The ability to quickly analyze data stored in CSV files is a common requirement. Here’s how to create a streamlined workflow using AWS services to transform raw CSV data into queryable insights.

header-415

Starting Point: Our Customer Data

We’ll work with a customer dataset containing basic information like card IDs, personal details, and location information.
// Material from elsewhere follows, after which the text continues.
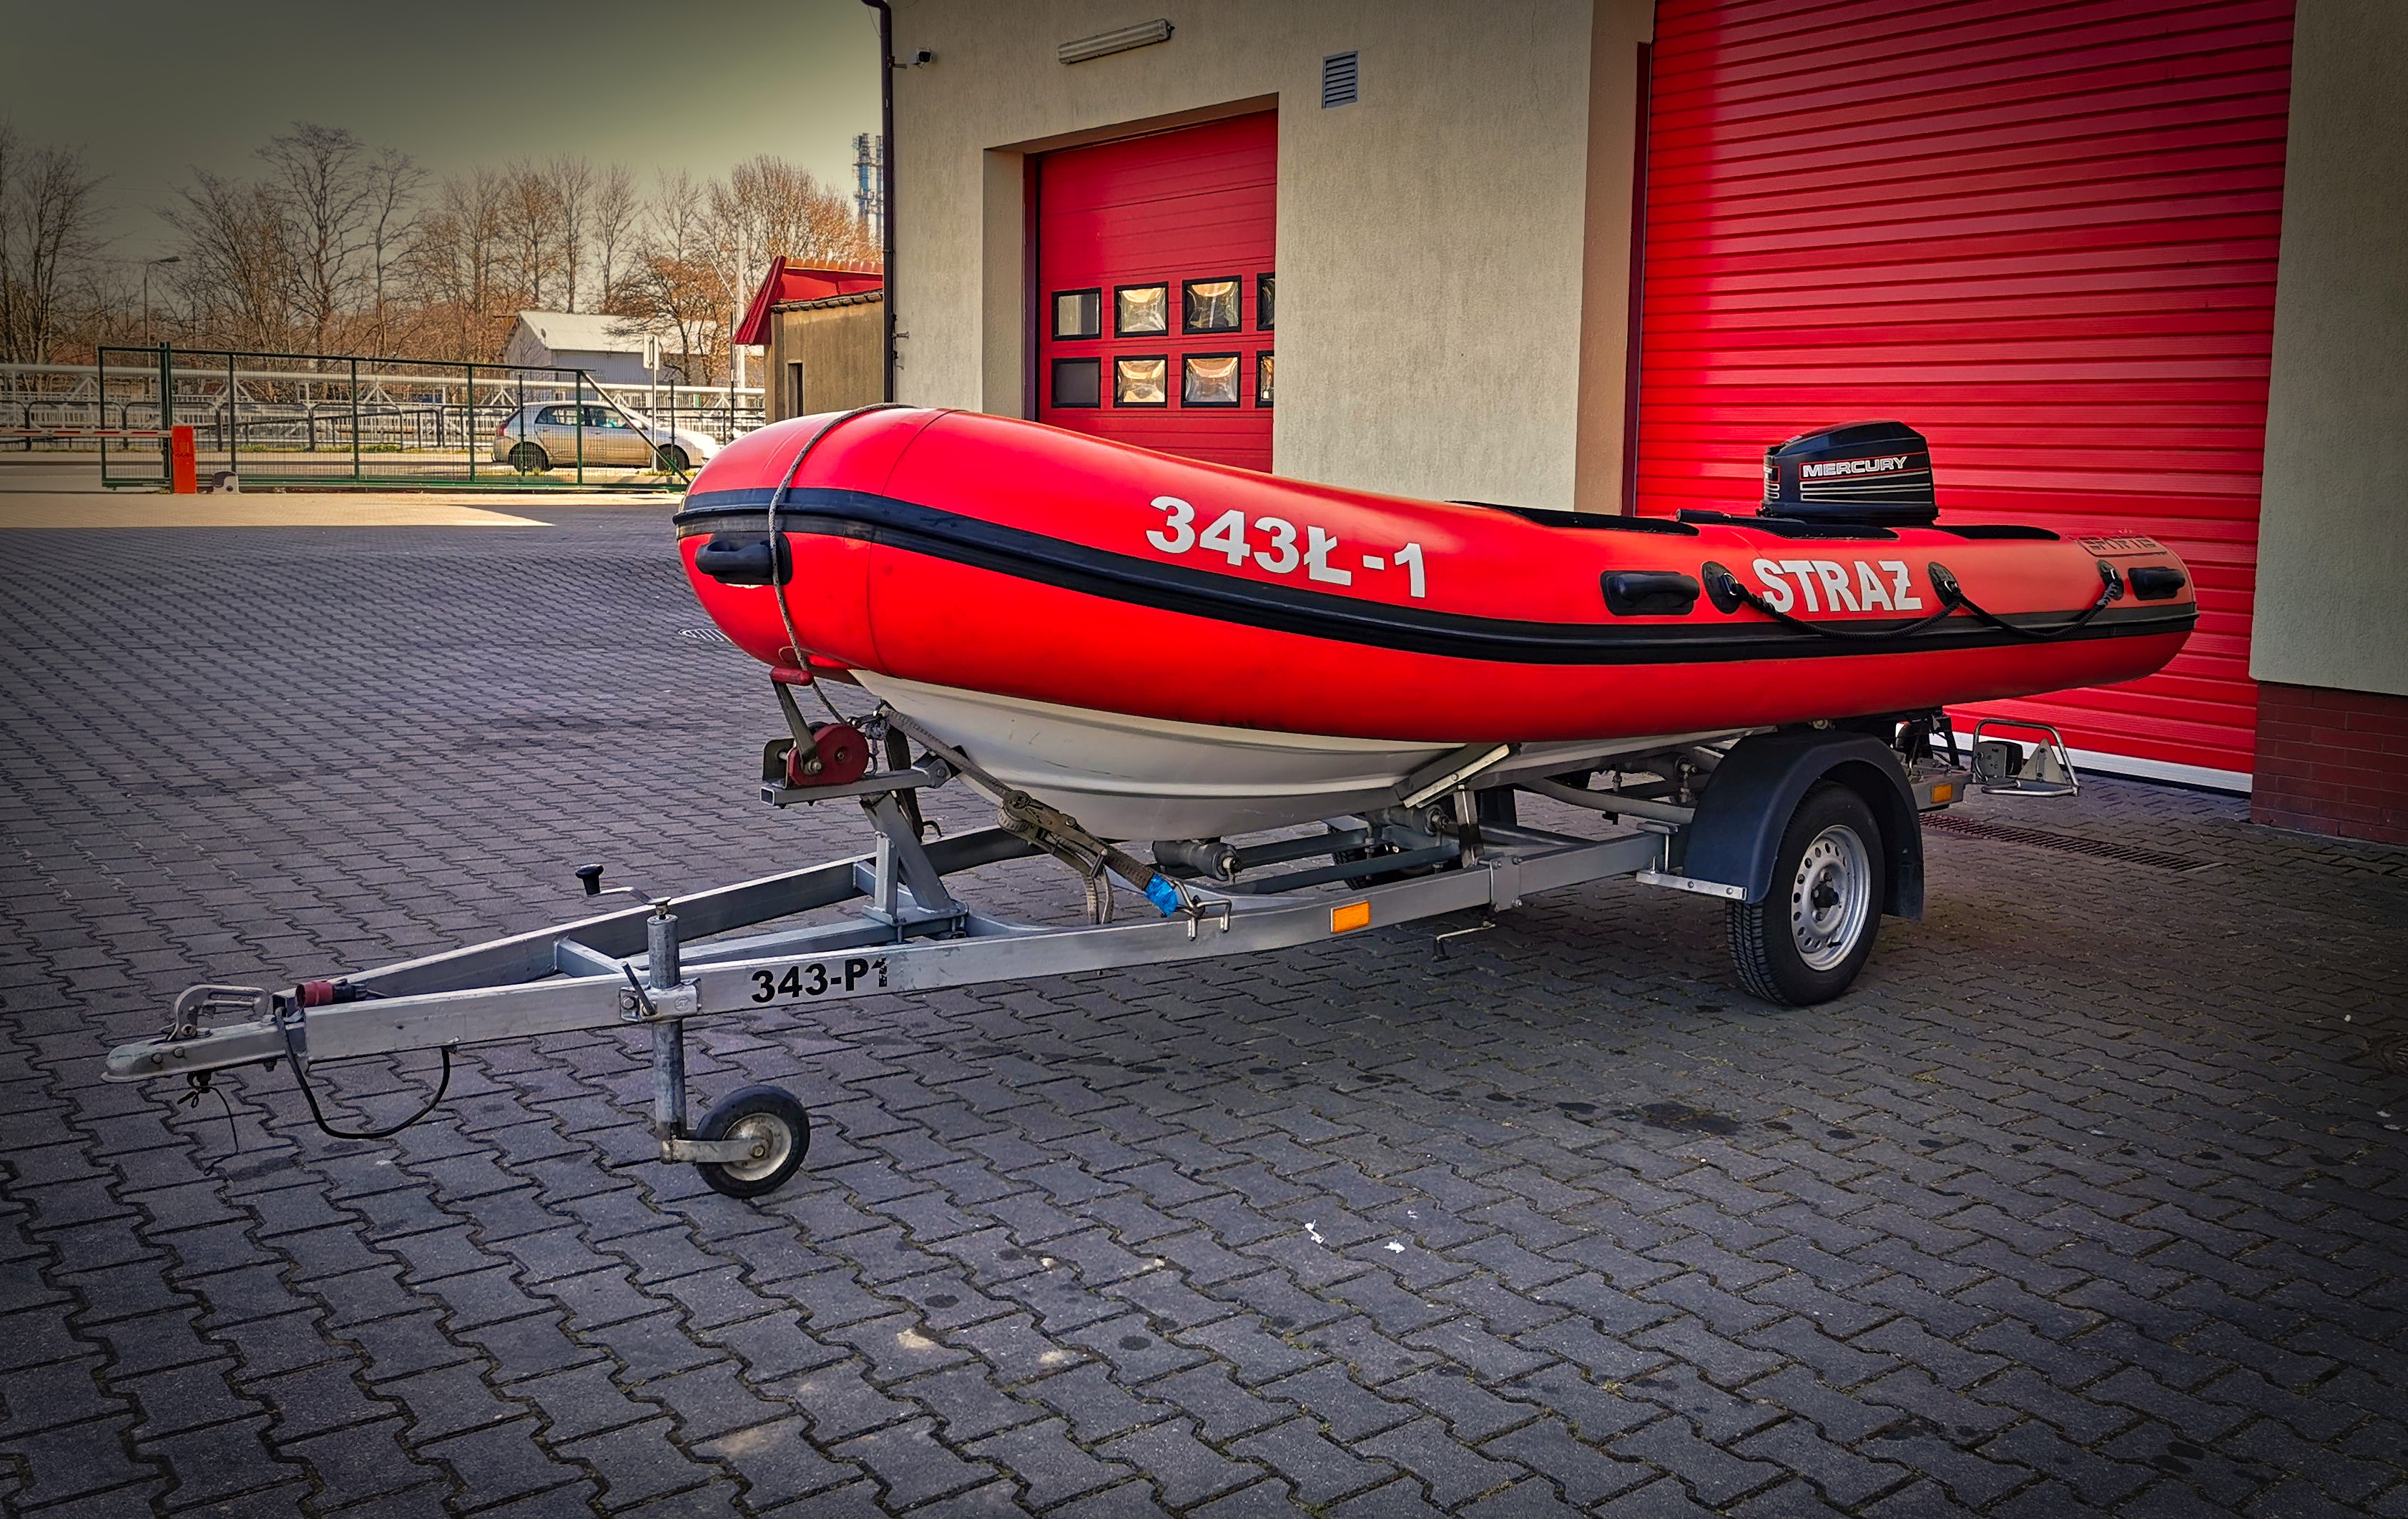 Ł1 łódź hybrydowa Sportis seria R.I.B Clasic MC-4500, Silnik 19kW napęd śrubowy, 6 osób. Na przyczepce P1.

The CSV file contains these columns: card_id, customer_id, lastname, firstname, email, address, birthday, and country

Step 1: Upload to Amazon S3

First, create an S3 bucket for your raw data:

  1. Navigate to the S3 console
  2. Create a new bucket (e.g., my-customer-data-bucket)
  3. Upload your customers.csv file to a folder like raw-data/customers/customers.csv

Step 2: Create and Run a Glue Crawler

The Glue Crawler automatically infers the schema from your CSV file:

  1. Go to AWS Glue Console
  2. Create a new crawler:
    • Name it customer-data-crawler
    • Select your S3 path (s3://my-customer-data-bucket/raw-data/customers/)
    • Create a new database (e.g., customer_db)
    • Schedule it to run on demand
  3. Run the crawler

The crawler creates a table in your Glue Data Catalog, making the data queryable through Athena.

Step 3: Configure Athena

Before running any queries, you must configure an S3 location for query results:

  1. Open Athena console
  2. Click on Settings
  3. Set “Query result location” to an S3 bucket/path like: s3://my-customer-data-bucket/athena-results/

This step is crucial - Athena won’t run queries without a configured results location.

Step 4: Query Your Data

Now you can query your customer data using standard SQL. Here’s a simple query to verify everything is working:

SELECT *
FROM customer_db.customers
LIMIT 5;

This query returns the first 5 rows from your customer (mock) data allowing you to verify the schema and data quality.

query-res

s3-glue-athena-diagram

Benefits of This Workflow

  • Zero infrastructure management
  • Pay only for the queries you run
  • Automatic schema inference
  • SQL interface for CSV data
  • Scalable to handle growing datasets

This workflow creates a foundation for more complex analytics. You can build on it by adding more data sources, creating views, or implementing more complex queries to derive business insights.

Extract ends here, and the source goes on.